Sunday, July 04, 2010

A Capitol Fourth: Got there this year

A Capitol Fourth tonight, well, it was warm and dry, and I got there from the Washington Monument side, walking throuhg the Smithsonian Folklife Festival, which had a pavaillion "El Salon Mexico" (actually a tone poem of Aaron Copland).

PBS has the best account of the concert program, here. PBS WETA in Washington is good enough to rebroadcast the entire concert at 10 PM.

Just a few remarks. When Rachmaninoff’s “18th Variation” (from the Rhapsody on a Theme of Paganini) is played by itself, it seems to represent the composer. (But the Third Concerto Finale would be a bit heavy for a Capitol Fourth.)
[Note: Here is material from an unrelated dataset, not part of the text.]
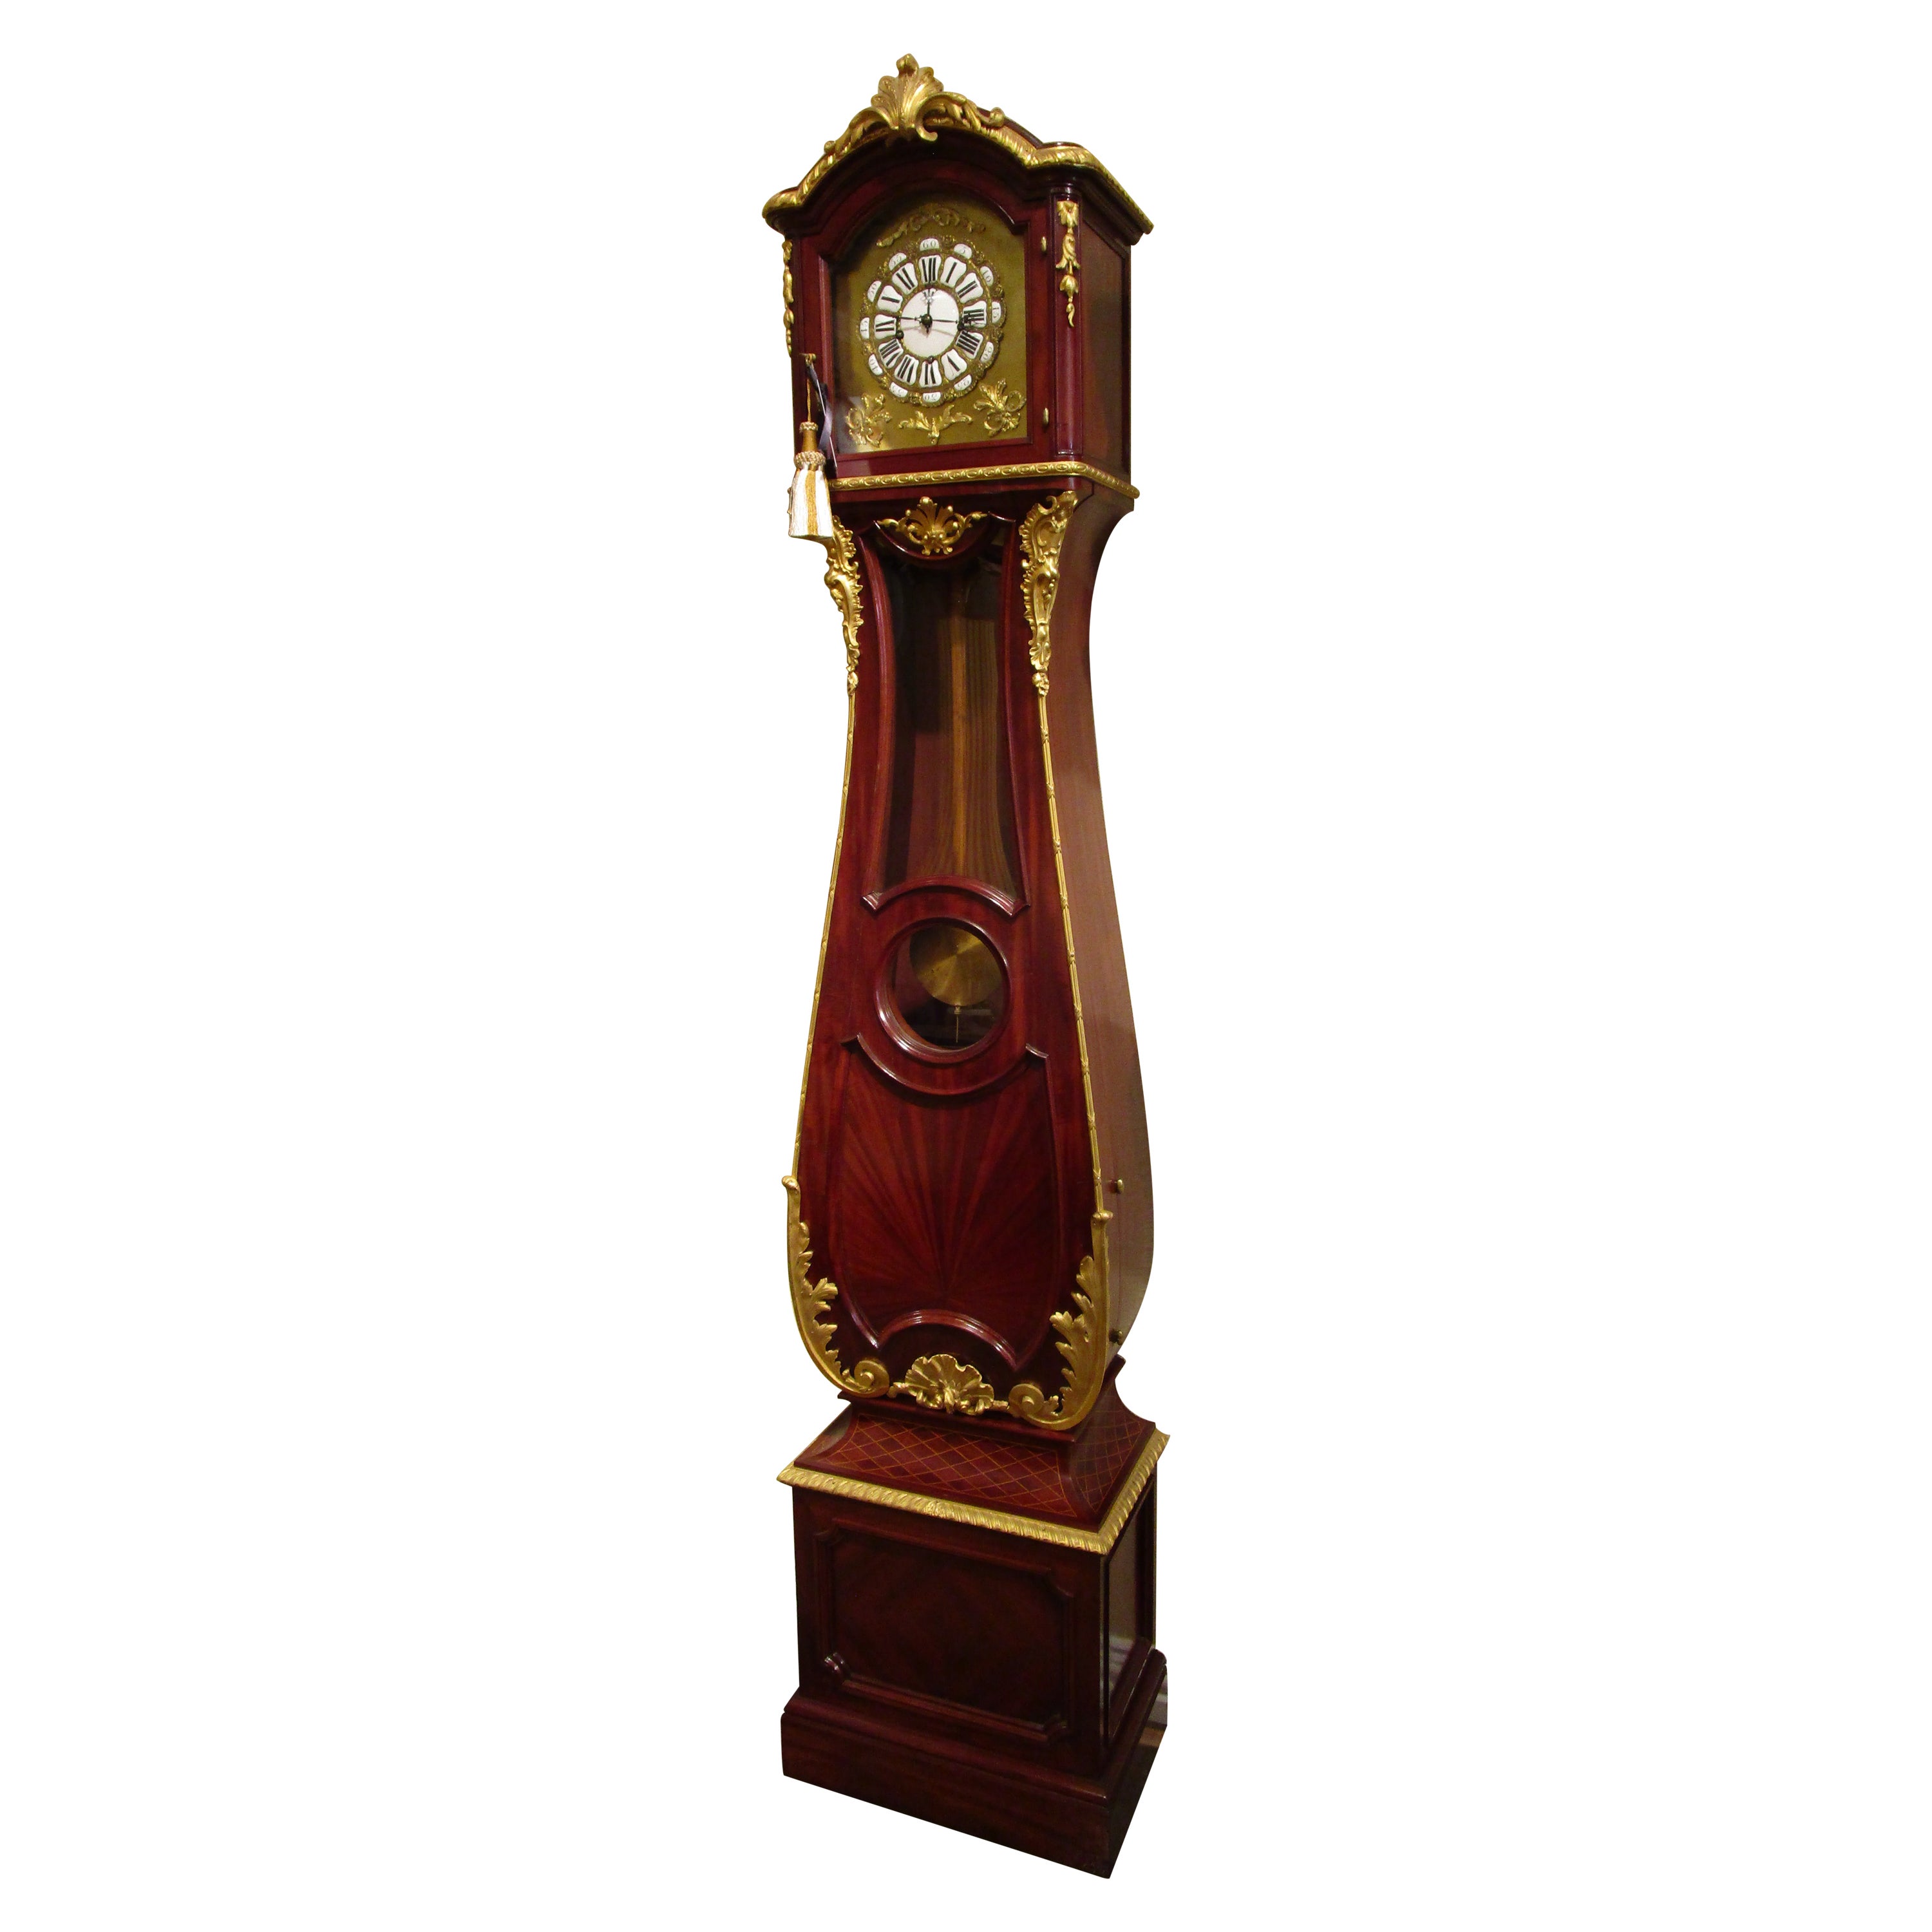 A  A.I.C., 19e siècle, acajou français  Horloge de grand-père incrustée de parquet. Bronze doré en vente

I’d love to hear the piano and orchestra rendition of “As Time Goes By” from Casablanca (Warner Brothers’s trademark).

As for Sousa and The Washington Post March, I remember a 78 record of that, I think on Capitol Records. It cost 79 cents in 1949.

Just as the fireworks start, we hear the Kate Smith (and for that matter, Ronald Reagan) special, “God Bless America” (sung by Reba McEntire).

David Archuleta (who got past Simon Cowell, remember) sung. In 2004, Clay Aiken sang.

As for the Tchaikovsky 1812 Overture, again, the NSO played only the recapitulation and coda (though with Chorus, making it sound a bit like the coronation scene from Mussorgsky’s Boris Gudonov). It’s interesting to me that it’s called an “Overture Solenelle” and that it celebrates commemorate Russia's defense of Moscow against Napoleon's advancing Grande Armée at the Battle of Borodino in 1812, and has nothing to do with America’s War of 1812. As the overture concluded, extra cannons went off near the Capitol Reflecting Pool, and it was followed by another medley of non-Mahler marches.

My first recording of that work was an old Somerset, and then (when I got stereo in 1962) a friend gave me a second copy of a Mercury recording (Dorati, I think) with the Capriccio Italienne on the back (not Tchaikovsky’s best, which for my ear, is something like the close of the first movement of the Fourth Symphony.)

At a "Freedom Plaza" tent, an evangelical preacher was trying to save souls with some good ole'time religion. In lower light, the camera wouldn't resolve on him, and the picture (right above) came out fuzzy.